L’altra questione spinosa ruota attorno ai fini ideologici per cui nascono le innovazioni lessicali. La flessibilità del linguaggio è infatti un’arma a doppio taglio. Tanto preziosa quanto devastante. Permette di eludere sorveglianza e repressione, difendendo gli spazi di discussione che queste vorrebbero eliminare. Ma è pure uno strumento tremendamente efficace per far circolare clandestinamente contenuti che viceversa non dovrebbero esistere: messaggi di odio, proclami razzisti, incitazioni alla violenza. Come la raffica di emoji di scimmie e banane che alcuni inglesi mandarono ai calciatori di colore della propria nazionale, subito dopo la sconfitta nella finale dell’Europeo – episodio ulteriormente aggravatosi in seguito al ritardo grottesco con cui Instagram si decise a intervenire, dopo aver inizialmente sostenuto che il contenuto in questione non costituiva una violazione delle linee guida. Oppure i dogwhistle, letteralmente “richiami per i cani”, con cui Donald Trump da anni aizza e si ingrazia le frange più estreme del proprio elettorato. Diffondendo messaggi che non possono essere formulati esplicitamente, ma che pure vengono comodamente recepiti da chi di dovere. Dal tristemente famoso «stand back and stand by» con cui strizzò l’occhio in diretta nazionale ai suprematisti bianchi nel primo dibattito presidenziale del 2020 (sembra una vita fa, ma son passati solo quattro anni). Fino alle martellanti dichiarazioni anti-immigrazione clandestina diventate routine negli ultimi mesi. Come quella secondo cui «gli immigrati irregolari stanno avvelenando il sangue della nazione» – un affondo che in molti hanno percepito come un bieco grido di superiorità razziale, molto più che un commento politico sulla politica dell’immigrazione.
Certo, ci sono voluti secoli per sviluppare una senso di coscienza collettiva attorno alla gravità di certe idee— negli Stati Uniti e in molte altre società. Renderle socialmente impronunciabili, come succede con la N-word e i suoi derivati, è stato un passo fondamentale in questa direzione. Eppure, è evidente che non è bastato a impedire a queste idee di continuare a circolare. E così, la morale che sembra delinearsi, anche guardando a casi così diversi tra loro, è che nessuna forma di controllo sul linguaggio, a qualsiasi finalità, può mai essere veramente efficace. Non solo perché arginare la diffusione di certi contenuti è impossibile — soprattutto con le piattaforme di oggi.

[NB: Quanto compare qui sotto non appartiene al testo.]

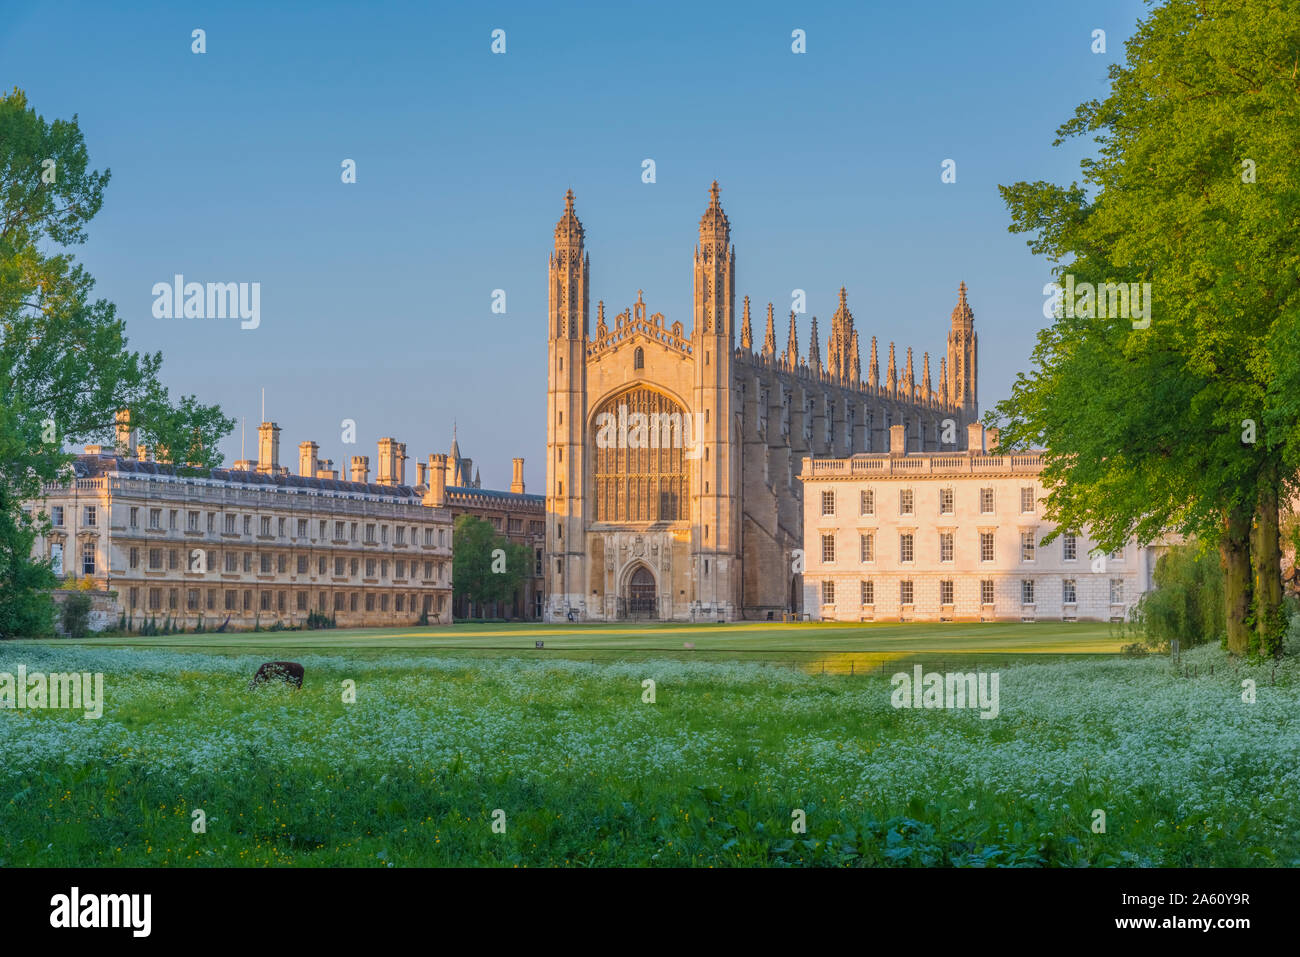 King's College, King's College Chapel, The Backs, Cambridge, Cambridgeshire, England, United Kingdom, Europe Stock Photo
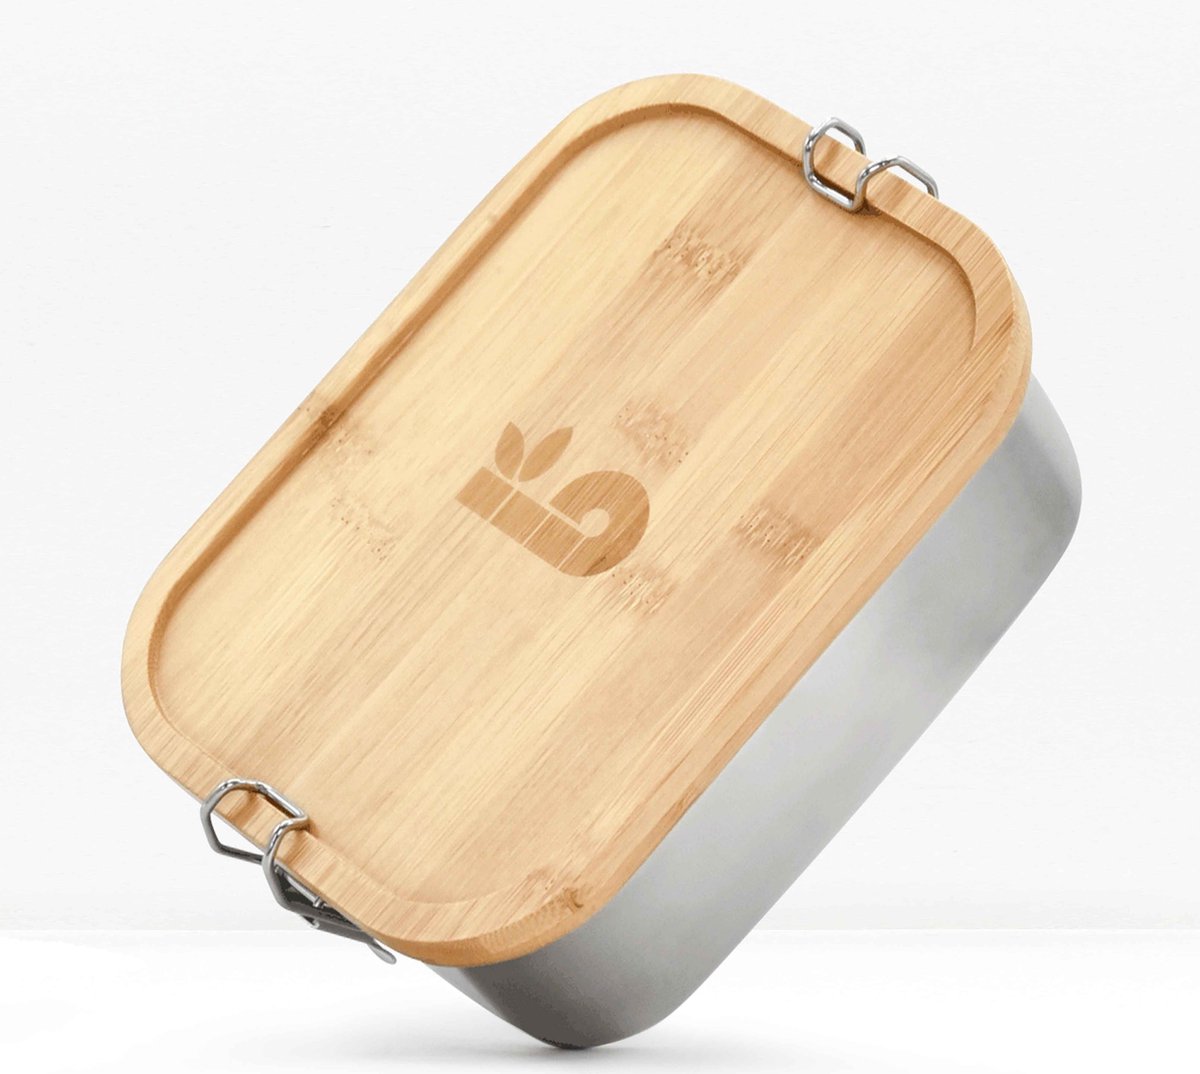 Bamboe Lunch Box 1400 ml | Broodbox | Ecologisch | Roestvrijstalen Lunchbox | Bentobox no Leak | Smaakloos | Bamboe Grote Broodtrommel | Lunchbox Volwassenen | Lunchbox RVS Bamboe | Bambaw

Ma pure perché la censura genera un paradosso in cui continuiamo a imbatterci: quando non si può parlare apertamente di qualcosa, farlo clandestinamente genera un meccanismo di solidarietà tremendamente efficace, che finisce con l’amplificare notevolmente la sua portata.
L’effetto è più che mai benefico quando si tratta di trasmettere coraggio e dare una voce a chi è in crisi o ha subito dei traumi pesanti. Ma può avere conseguenze politiche importanti quando la censura si sposta sul piano puramente ideologico. Un po’ come quando i conservatori si sono accorti che insultare Joe Biden era particolarmente efficace se fatto al grido di «let’s go Brandon»; un’espressione diventata in breve tempo un modo di esprimere proprio quel “fuck Joe Biden” che il giornalista originario si era premurato di censurare, con risultati evidentemente disastrosi. Era il 2021. Ai tempi ci si scherzava sopra, anche a sinistra; ma ora la voglia di fare battute è calata drasticamente. E dire che, in quel caso come in molti altri, se solo se ne fosse parlato apertamente, se ne sarebbe parlato molto di meno.